The artist’s work explores the Iranian Revolution not as a purely national event, but through the larger framework of its interconnections, echoes and reception in neighboring countries, the Middle East and the global North. She reconstructs the Iranian Revolution through examples and fragments, including various urban phenomena and representations of the Revolution in film, television and photography. From a media production and reception perspective, Schäfer and her interlocutors in the film construct a re-reading of the events of 1978. The film focuses on the processes of the circulation of images and information and on the translation of events into different contexts.
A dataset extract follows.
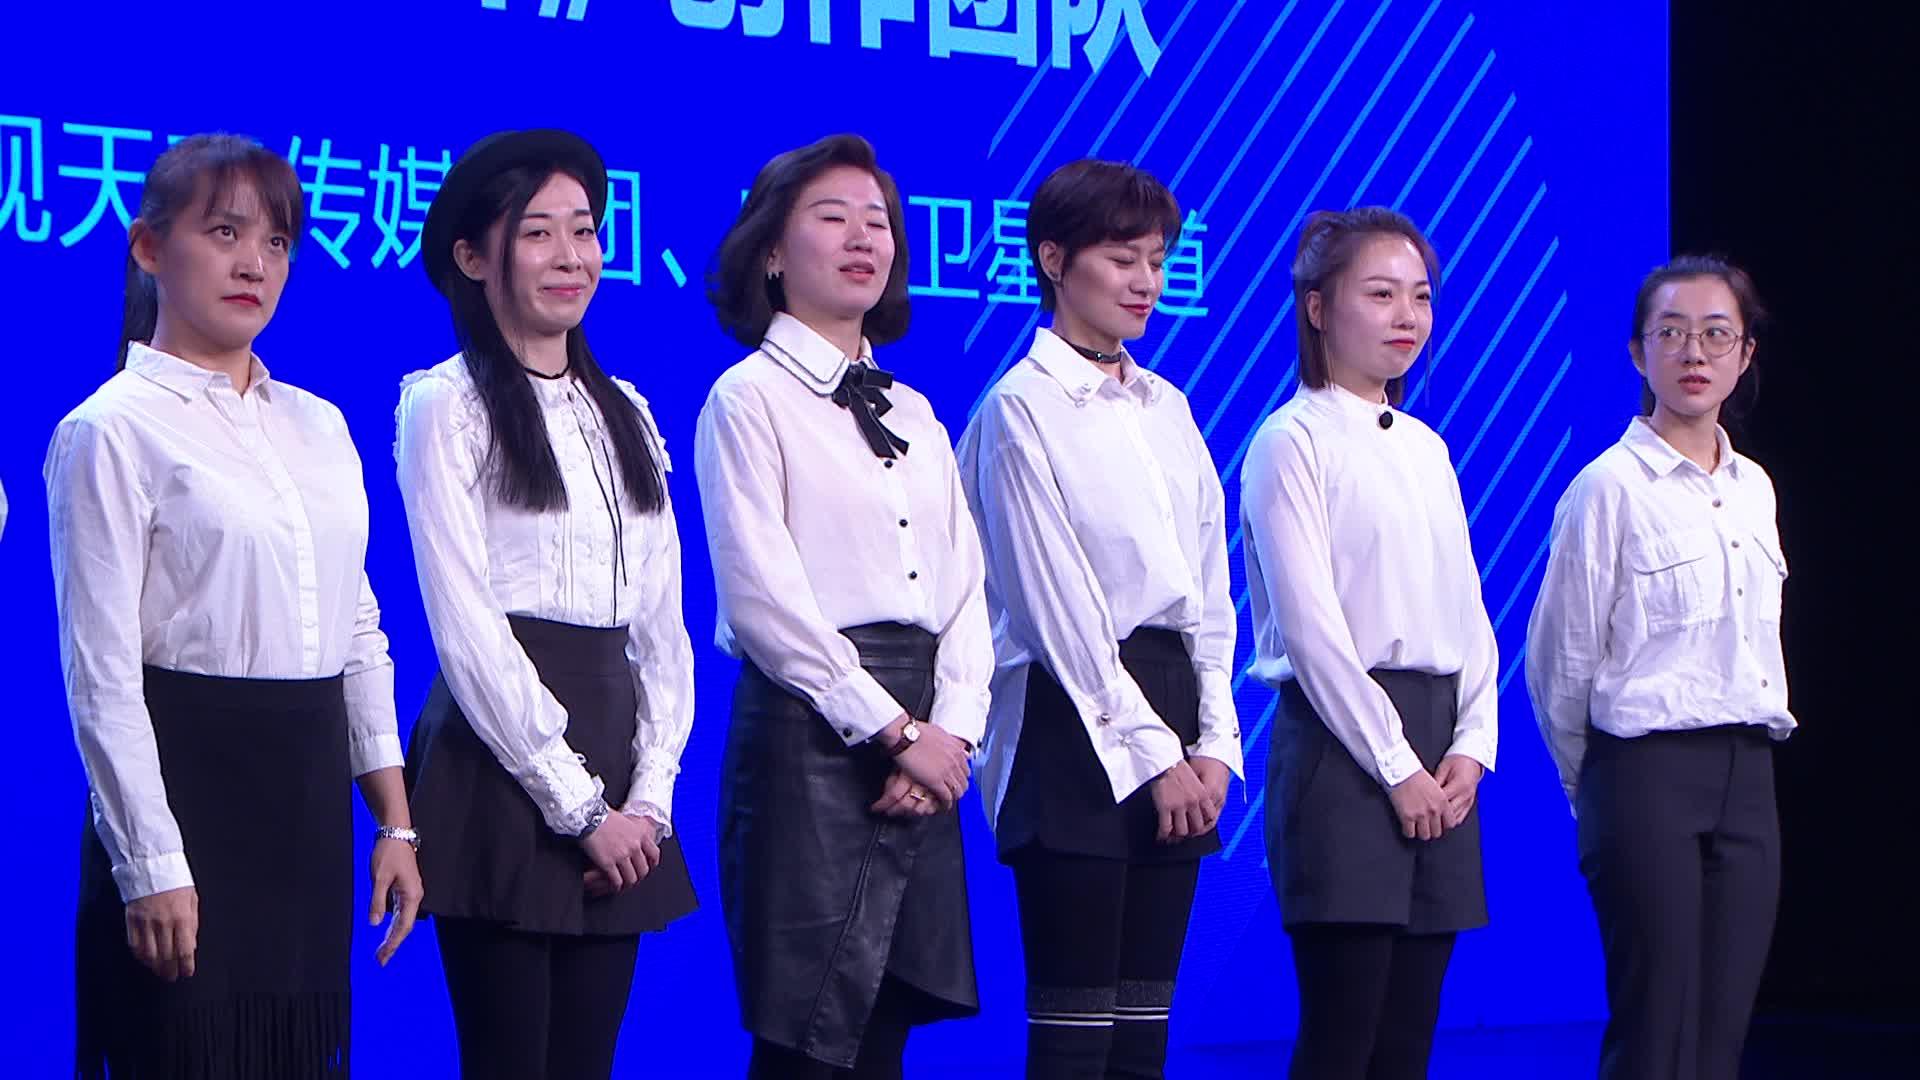 中宣部、国家广电总局表扬的节目《传家宝里的新中国》创作团队

Sandra Schäfer’s new video turning inward | trading out focuses on one urban site: the
Iranian Mosque located inside the Ottoman Valide Han caravanserai (inn) in Istanbul’s
neighborhood Tahtakale. The title turning inward | trading out refers to the overlapping of the outward bound trade in this area, and the enclosed space of the Iranian mosque, located in the courtyard of the old caravanserai. The video traces the links, spatial narratives, documents that refer to the overlappings and distancing from the Iranian Revolution in Turkey at the end of the 1970s. Schäfer interweaves a heterogeneous material to an overall filmic narrative that remains in itself fragmentary. The video was made in collaboration with the Istanbul based journalist Ayşe Çavdar.
A selection of photographs from Schäfer’s ongoing series Urban settings and other kinds too highlights some of the spatial narratives of the Islamic gated communities within the complex of Başakşehir; a recently developed neighborhood with residence complexes - the new and expanding Islamic middle class. These photographs also hint at the new video that Schäfer currently works on.
In dialogue with her own work Schäfer invited the Iranian photographer Hengameh Golestan and the Istanbul artist Sevgi Ortaç to participate in the exhibition. A selection of photographs by the Iranian photographer Hengameh Golestan is featured in the exhibition. Golestan took these photographs during the revolution (1978/79) in Tehran. She captures on the margins of the mass protests, as well as the scenes of the private sphere. She also photographed the first protest against the emerging regime: the women’s demonstration against the imposition of the headscarf and further sanctions in March 1979.
The video Missing the Place (2011) by Sevgi Ortaç opens with the reenactment of the Ottoman conquest of Constantinople during the annual celebrations. The screen split into pieces plaits the spatial narratives and imagery proposed by the language of this reenactment.